- Publisher: Banner of Truth
- ISBN: 978-1-84871-252-2
- Pages: 440
- Price: 16.50
Hugh Martin (1822–1885) was one of those 19th century Scottish theologians whose published works have stood the test of time. With good reason, for his works are consistently sound, reverent, edifying, and challenging to mind and heart.
This is a volume of theological substance. It comprises a collection of ten sermons, eight essays, and nineteen letters, selected from various contemporary magazines, pamphlets, and journals.
The theme of the material in the volume is well indicated by the title. There is a focus on the person and work of the God-man Redeemer, the Lord Jesus Christ. Deriving as the work does from such a variety of sources, there is a balance here between the theological and experiential. Martin was a master in dealing with such a theme with freshness and insight. Frequently Martin’s readers find that they are learning new things – yet not novel things just to impress.
What strikes one here is that Martin clearly has a devout view of the person and work of the Lord Jesus Christ. Both in the sermons and essays (and letters too) Christ is pre-eminent. He is all-glorious. It is quite common today for biblical or theological studies to be something of a display of learning with a multiplicity of footnotes or endnotes. No doubt there is a place for interaction with contemporary scholarship. With Martin, however, there is just a weighing up of biblical theological teaching, and its applications or implications, without the trappings of ‘scholarship’.

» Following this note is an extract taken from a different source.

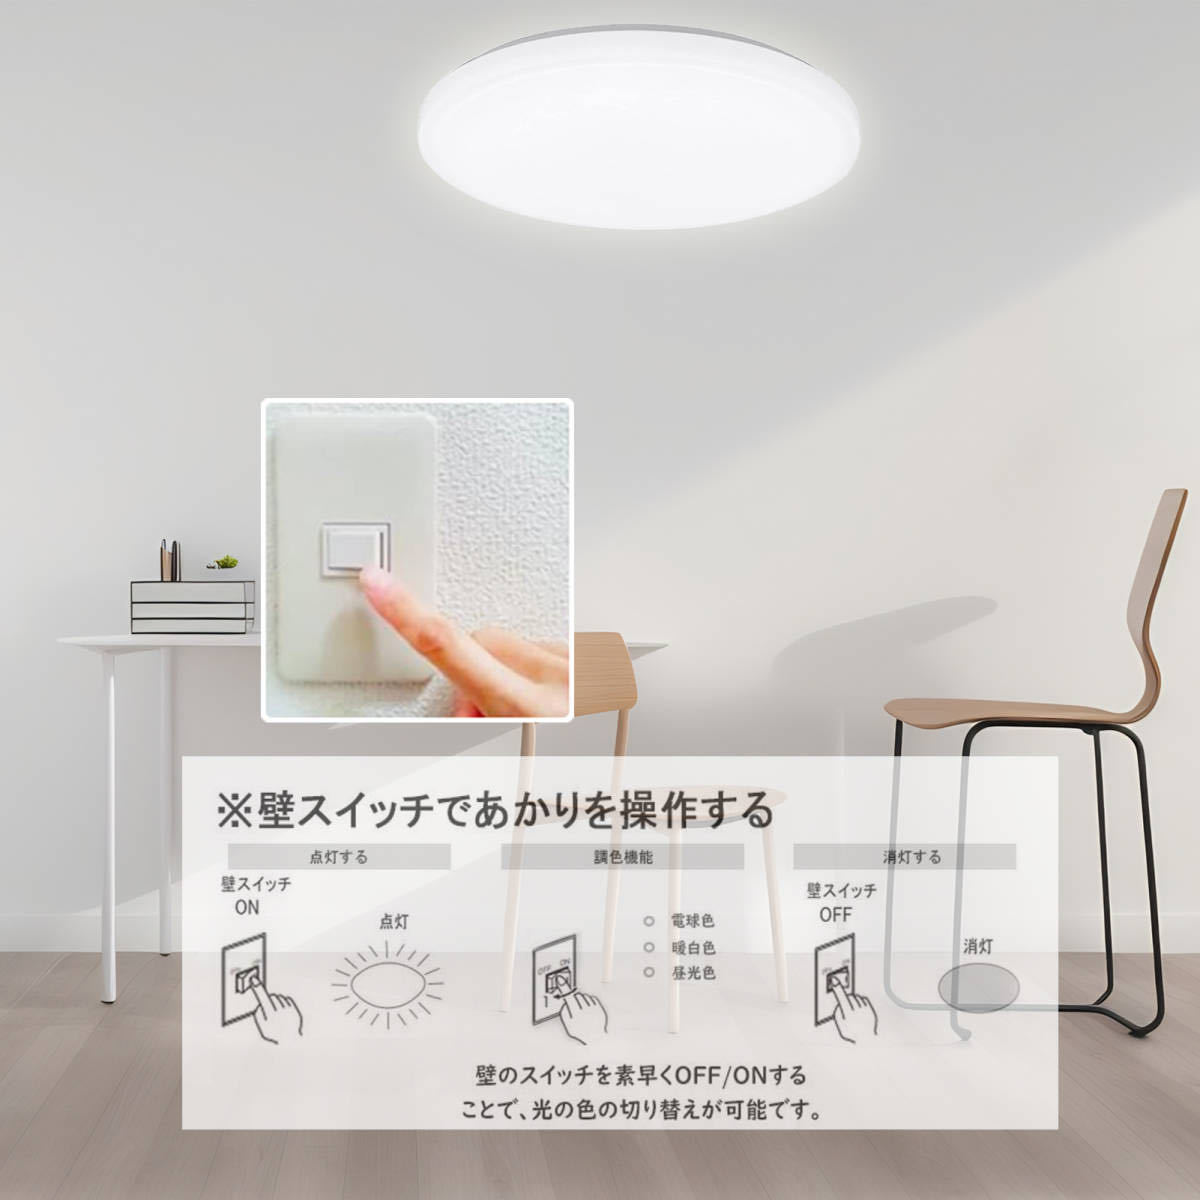 [ thin type . electro- ]LED ceiling light 6 tatami 20W lighting equipment high-quality ceiling lighting 2200LM ceiling interior lighting remote control none energy conservation 2 piece set collection 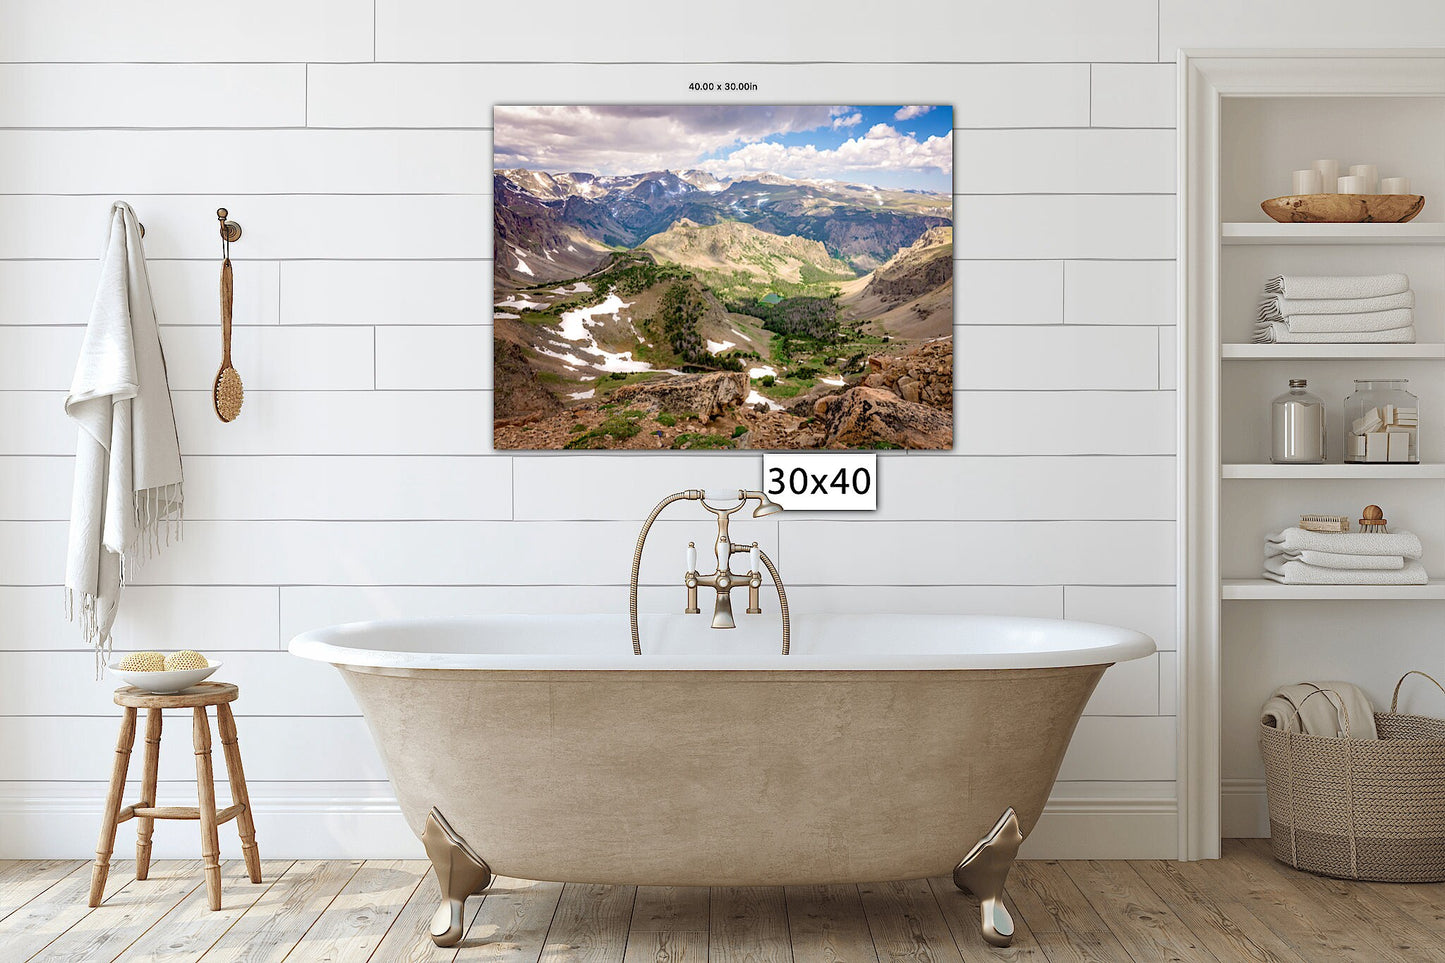 Beartooth Highway Photo, Montana Mountain Landscape, Yellowstone National Park, Large Canvas Wall Art Prints, Decor for Home and Office

Several of the pieces are particularly stirring and suggestive. The reviewer was particularly struck by the first essay, ‘Christ’s Victory Over Death’ (1880). In this Martin emphasises the voluntariness of Christ’s death. In other words, it was not just passive. It was indeed ‘victorious’ in defeating sin and Satan, and delivering believers from bondage of the fear of death. A sublime essay.
Just as sublime is the second essay, entitled ‘Christ’s Death: What was it?’ (also 1880). There is a wonderful summary of what was involved in his death in pages 197-8: (1) Jesus was at once a slain lamb and a living priest. (2) He was buried, not his remains. (3) Neither his soul nor his body was for one moment in any one’s power but his own. (4) This was his defeat of him that had the power, and his deliverance of them that had the fear, of death. (5) Not merely did he raise himself, as by divine power he might raise another, but in all literality and exactitude – he rose. (6) Christ is not less whole Christ for being crucified. (7) The person of Christ constitutes the same check, or limit, on death’s work and power in our case, as in his own.
Though not intentionally controversial, there are a couple of items on which modern evangelicals are largely silent. One is the sermon ‘The Manifestation of the Son of Perdition’ (1845), identifying the ‘man of sin’ of 2 Thessalonians 2 as the Papacy. The other is an essay on ‘The Procession of the Holy Spirit from the Son’ (1869). In our view Martin dispels any notion of such issues being simply obscure or speculative questions.
In sum, this is an outstanding volume of a master theologian. It is not a particularly easy read, but is will reward careful study. It is theologically and spiritually heart-warming and is highly recommended as representative of the best of the timeless Reformed orthodoxy of 19th century Scotland.